JPMorgan Chase & Co. will pay as much as $290 million to victims of sex trafficker Jeffrey Epstein under the terms of a proposed settlement agreed Monday. But this payout is far from the end of the bank’s reckoning over a relationship it now says it deeply regrets.

This is a big settlement, and an unusual one in that, in effect, it makes JPMorgan accountable for the crimes of a client, although the bank will not admit or deny liability as part of the settlement, according to a person familiar with the wording who didn’t want to be named because the full terms aren’t yet public. Banks are regularly fined for not doing enough to ensure they don’t work with dodgy customers, or having weak defenses against money laundering, but it is extremely rare for any to be punished for the drug dealing, terrorism or other felonies of bad actors.

The US bank’s payout, if approved by the US District Court in New York, will go to potentially more than 100 victims in a class action suit led by an anonymous Jane Doe, according to the New York Times. It is almost four times the $75 million that Deutsche Bank AG agreed to settle a similar suit in May. JPMorgan had Epstein as a client for 15 years, compared with Deutsche Bank’s five years, and its relationship covered the years when some of Epstein’s worst behavior occurred, according to the claims of authorities and victims. The number of parties to the Deutsche Bank settlement isn’t yet known.

The money is almost double what JPMorgan was expected to pay in total to end both this lawsuit and a second one bought against the bank by the US Virgin Islands, where Epstein lived for many years, according to estimates from Elliott Stein of Bloomberg Intelligence. That second suit is turning into a vicious fight after JPMorgan countersued the territory, claiming members of its government helped Epstein in multiple ways, including through valuable tax breaks and light monitoring of him as a registered sex offender. JPMorgan declined to comment on the USVI case, while the territory’s attorney general told Bloomberg News it would continue its battle against the bank.

JPMorgan is also suing Jes Staley, who was close to Epstein and formerly ran JPMorgan’s asset management arm and later its investment bank. Staley left in 2013 and later became chief executive officer of Barclays Plc in the UK. He resigned from that post in 2021 after UK regulators decided he had not been as open as he should have been about his relationship with Epstein while at the US bank. Staley has previously denied any knowledge of Epstein’s sex crimes.
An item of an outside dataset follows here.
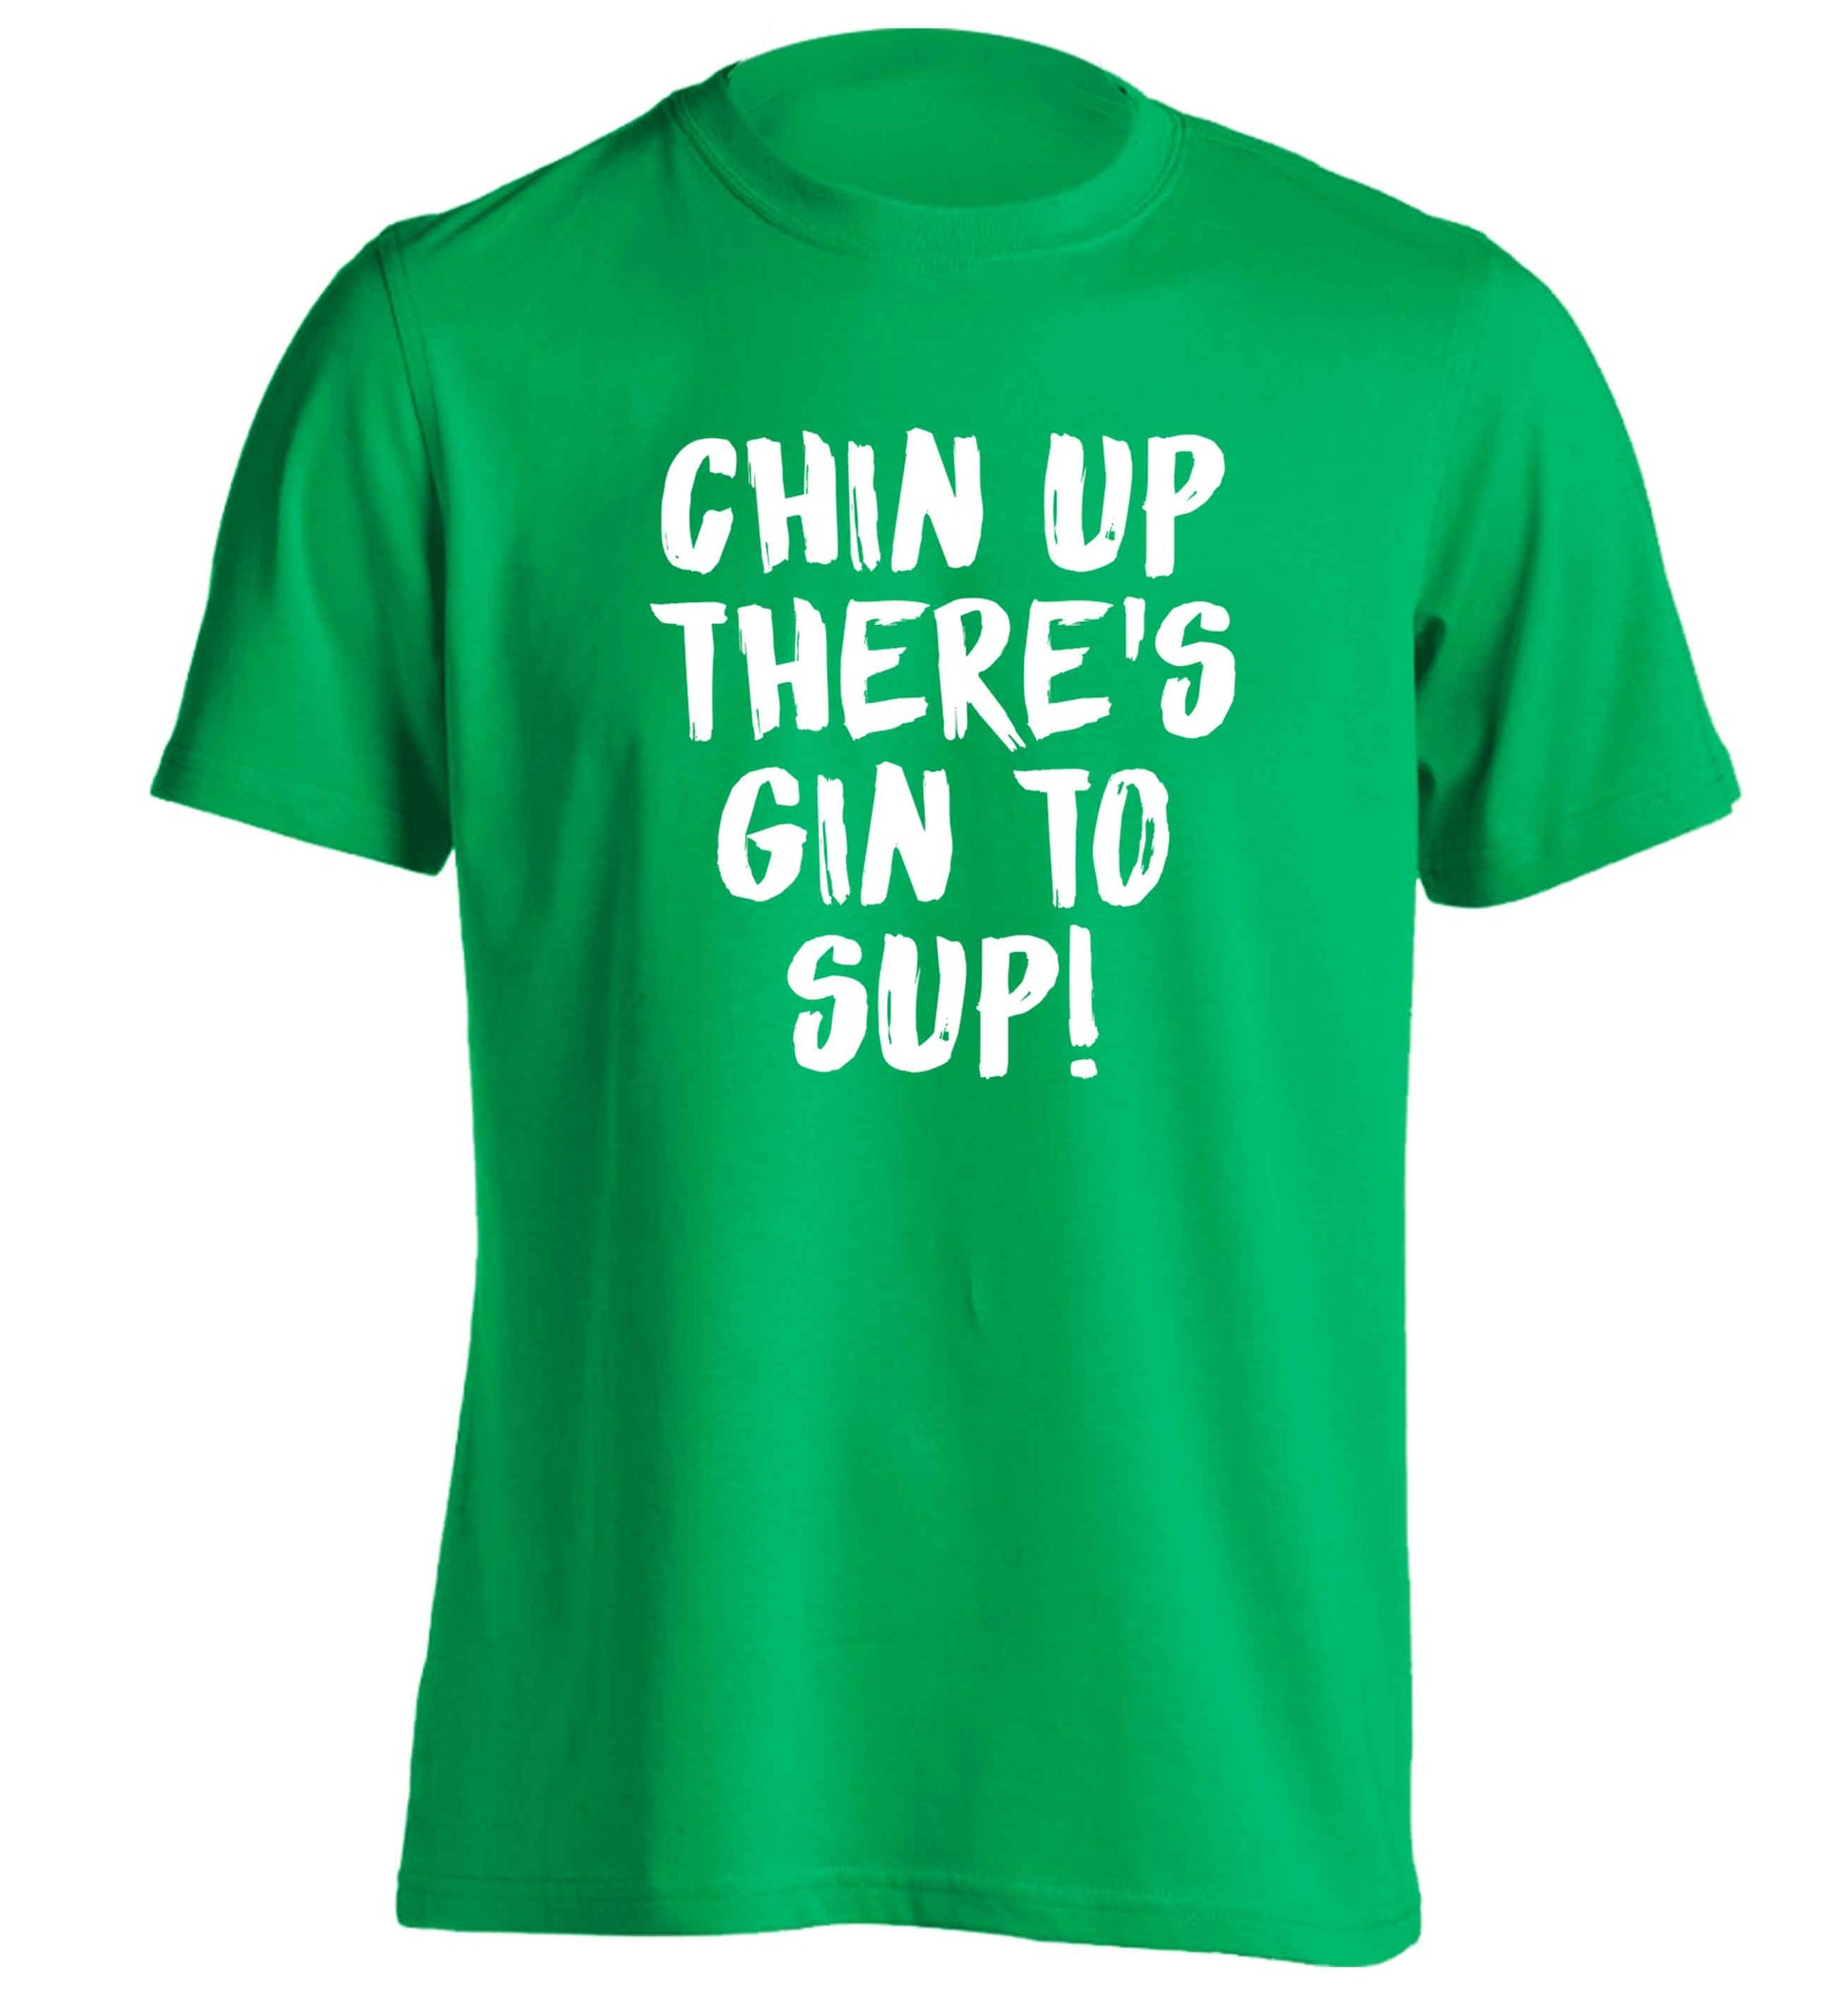 Chin up there's gin to sup adults unisex green Tshirt 2XL
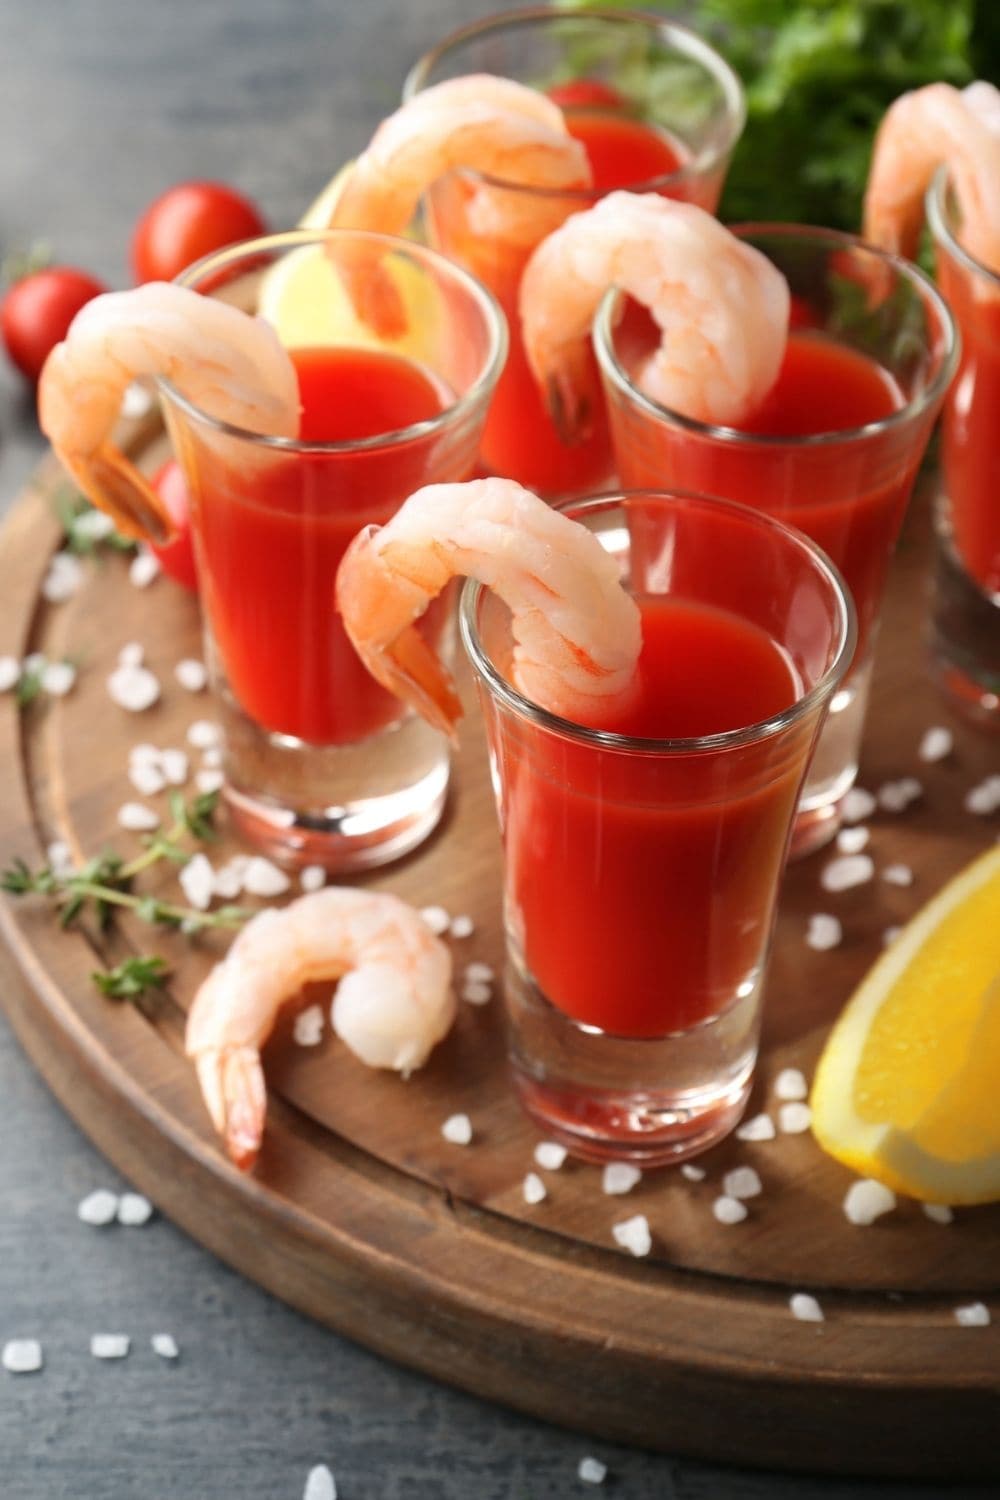 Prawn Cocktails with Tomato Sauce and Lemons

Jamie Dimon, the US bank’s chairman and CEO, has used many interviews to apologize to Epstein’s victims and say how much the bank regrets ever doing business with him, though he has always maintained JPMorgan had committed no crime. In a statement on Monday, the bank said it would never have continued to do business with Epstein if it believed he was using the bank to help commit heinous crimes.

But the case has advanced this far and the settlement is this large because evidence suggests that JPMorgan should have done more to act on the concerns of some senior employees. This is no normal “know your customer” failing or having too lax controls for money laundering. Evidence in the lawsuits and in a deposition of Dimon that was made public this month referred to many red flags that could have prompted the bank to cut off Epstein sooner, or do more to interrogate suspicious financial behavior.

The bank’s own top lawyer at the time, Stephen Cutler, twice emailed other senior staff in July 2011 to say that Epstein should not be a client, according to the deposition. In the same year, the bank was allowing Epstein to withdraw between $20,000 and $40,000 in cash per month. There were other potential red flags, too.

When the courtroom battles are over, JPMorgan will have to explain to its investors and others how and why it failed to act more decisively at the time and what it has done to improve its processes in the decade since it fired Epstein as a client. Dimon promised lawyers quizzing him during his deposition that he would update them in the future about specific measures it has taken against sex trafficking. Sigrid McCawley, lawyer for the plaintiffs, said in a statement that the settlements showed “financial institutions have an important role to play in spotting and shutting down sex trafficking.”

For now, JPMorgan is still embroiled in its high-stakes fights with Staley and the USVI. All three parties have plenty more to lose in reputation and financial terms if these battles go to court and more evidence is publicly examined.

JPMorgan is doing the right thing in the most important area: paying real money to help compensate women who suffered Epstein’s abuses. But it has a long way to go to really put this case behind it. 

Paul J. Davies is a Bloomberg Opinion columnist covering banking and finance. Previously, he was a reporter for the Wall Street Journal and the Financial Times.